_Data excerpt_
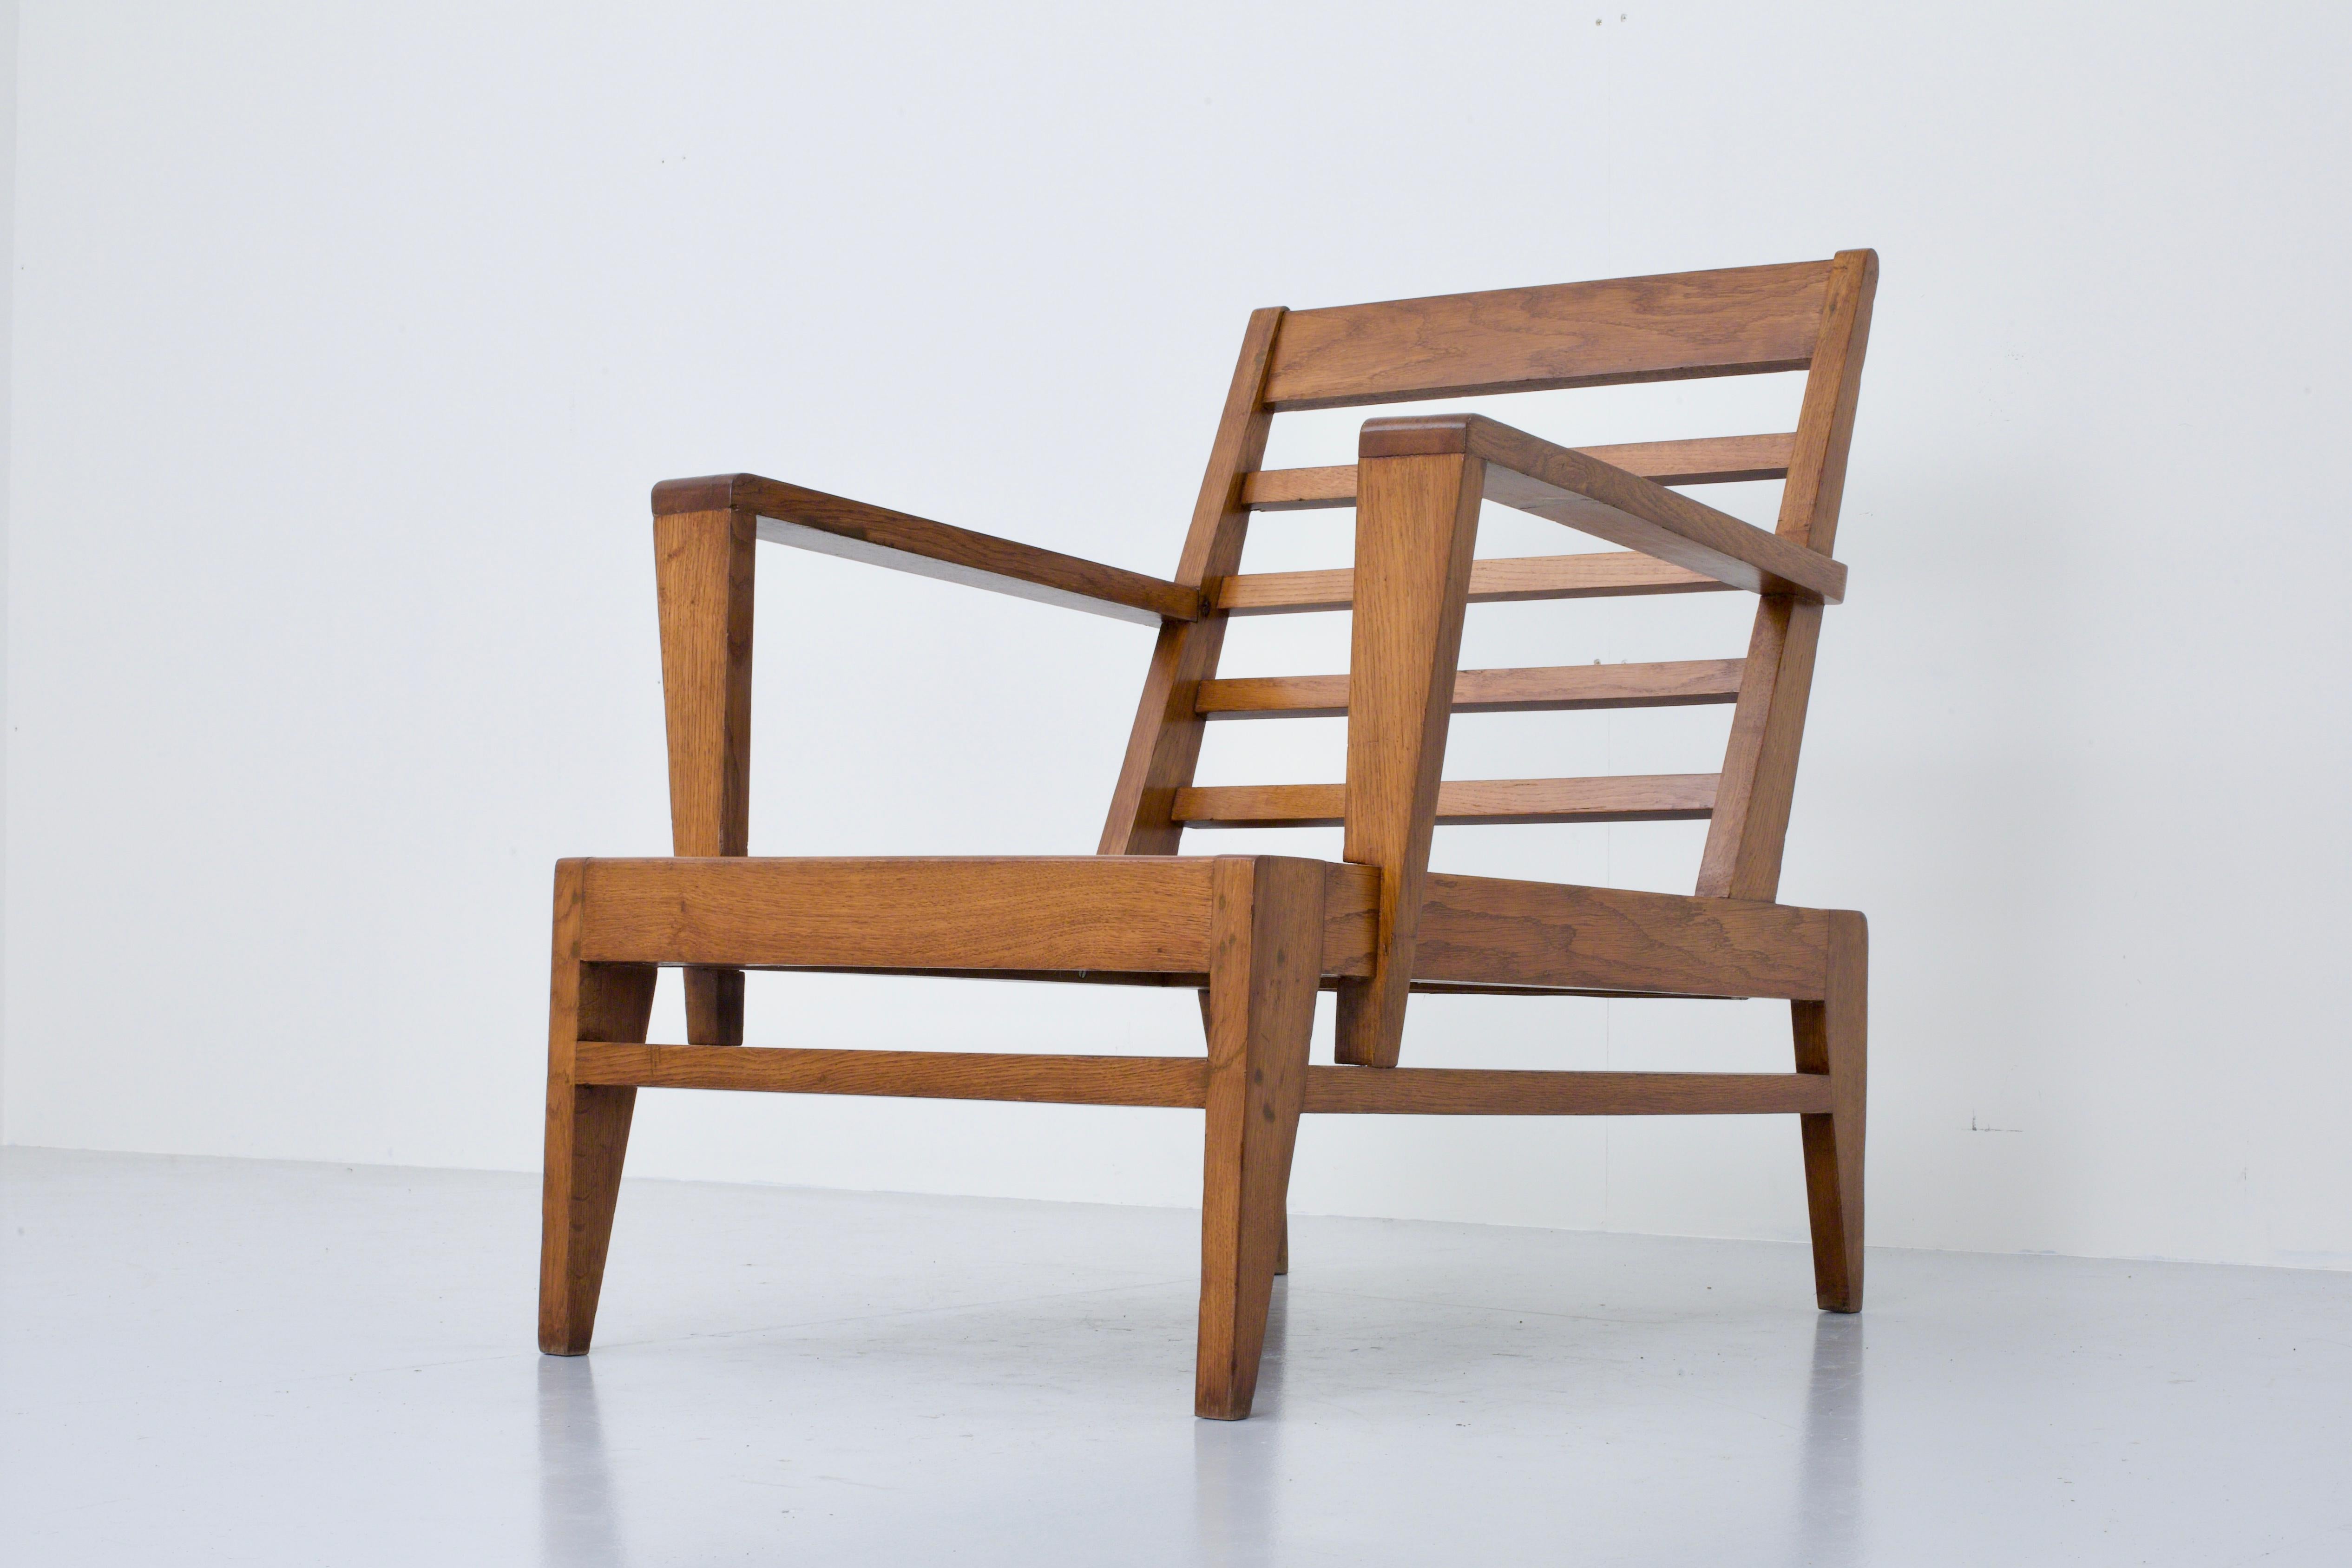 Lounge chair by René Gabriel in solid oak and fabric, France, 1940

A very comfortable lounge chair by Rene Gabriel. Sturdy yet elegant and being slightly out of proportion, this chair has everything toattract your attention. The strong shapes and
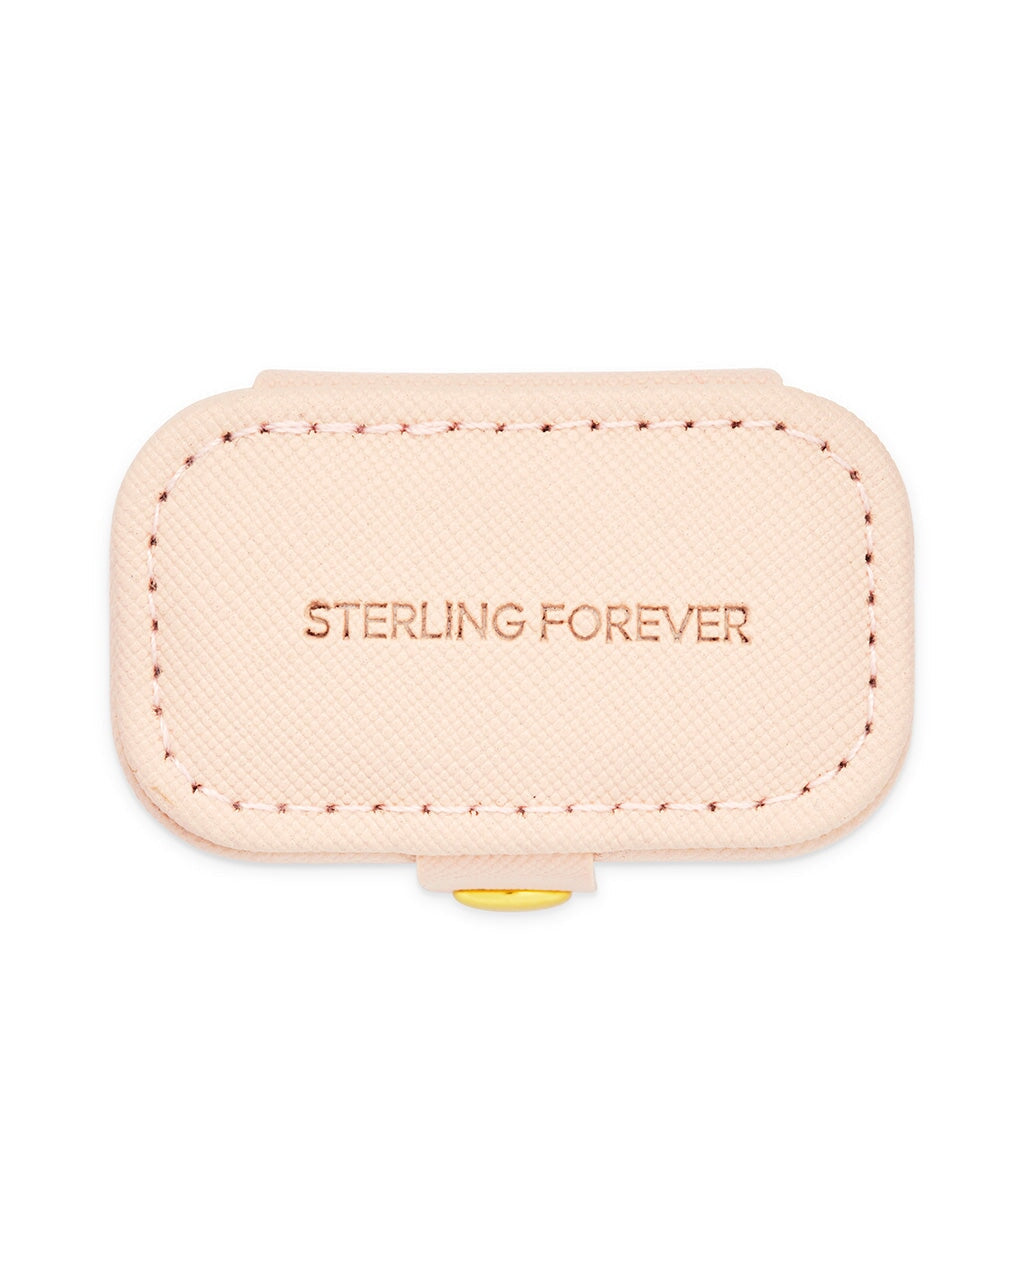 Travel Ring Case Jewelry Case Sterling Forever 
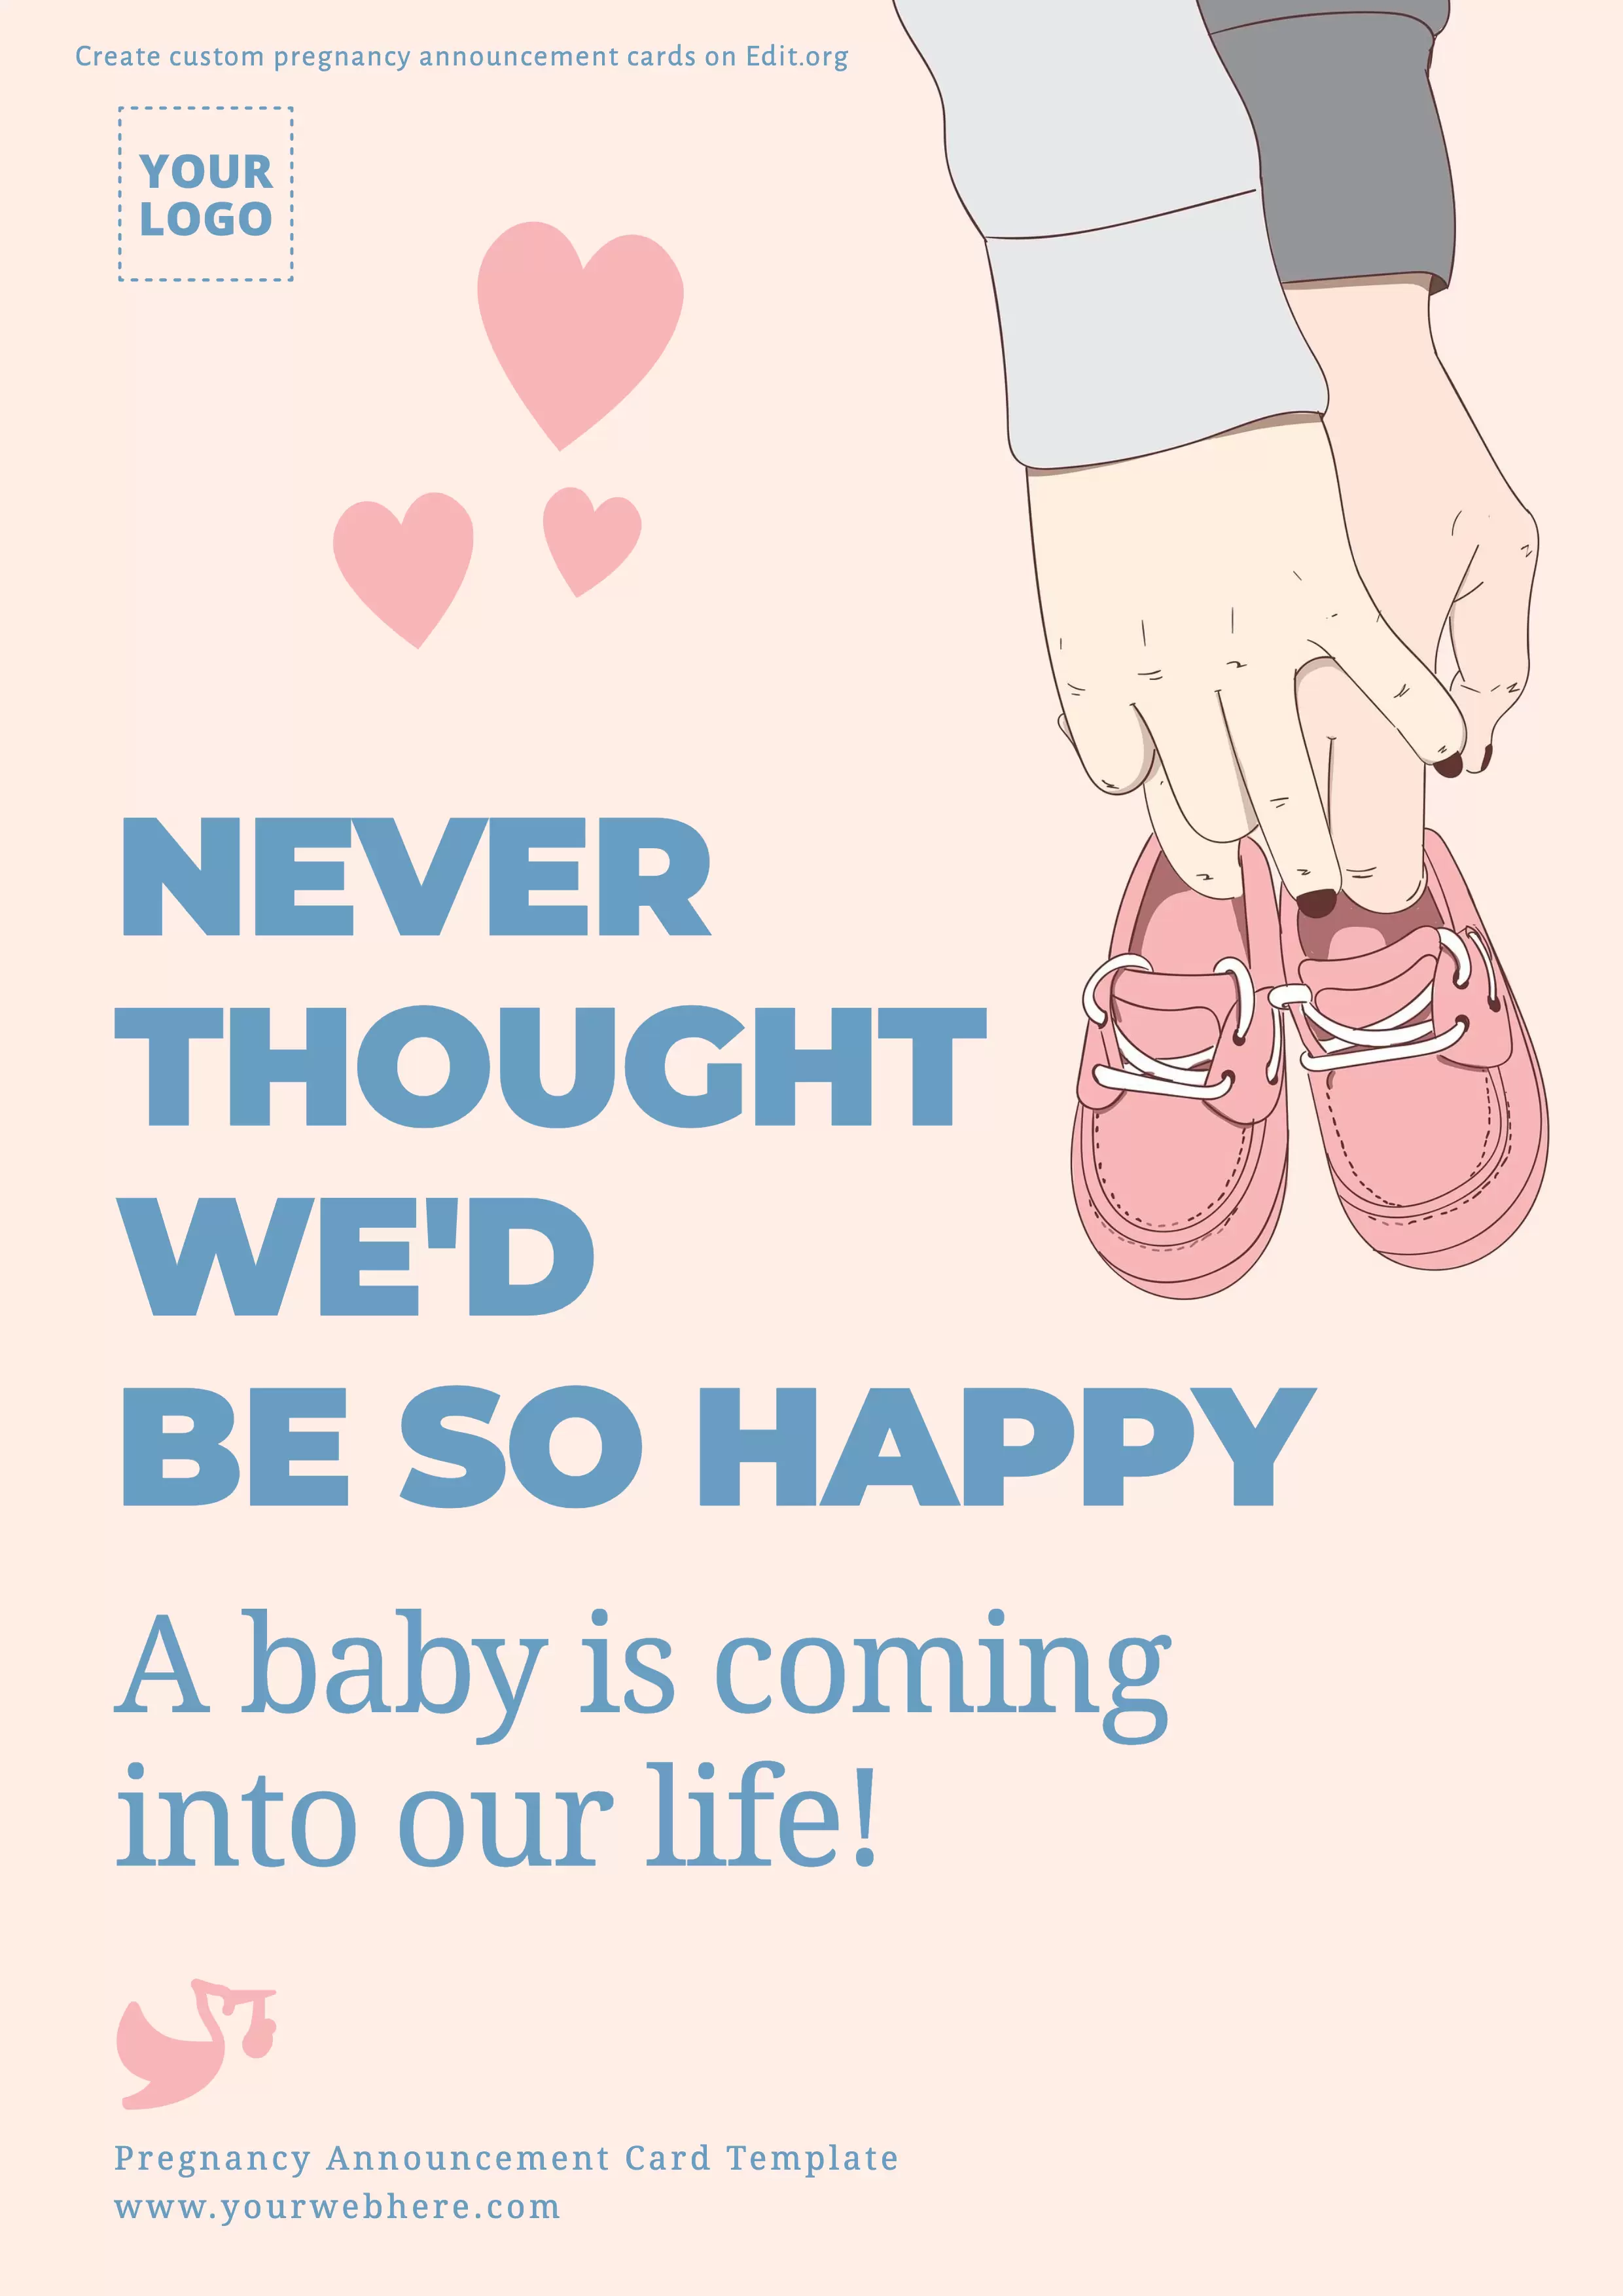 Free and customizable pregnancy templates

_Assigned task_
Transcribe all the lines above exactly; any image among them is skipped.

_Answer to this task_
 Lounge chair by René Gabriel in solid oak and fabric, France, 1940

A very comfortable lounge chair by Rene Gabriel. Sturdy yet elegant and being slightly out of proportion, this chair has everything toattract your attention. The strong shapes and
 Travel Ring Case Jewelry Case Sterling Forever 
 Free and customizable pregnancy templates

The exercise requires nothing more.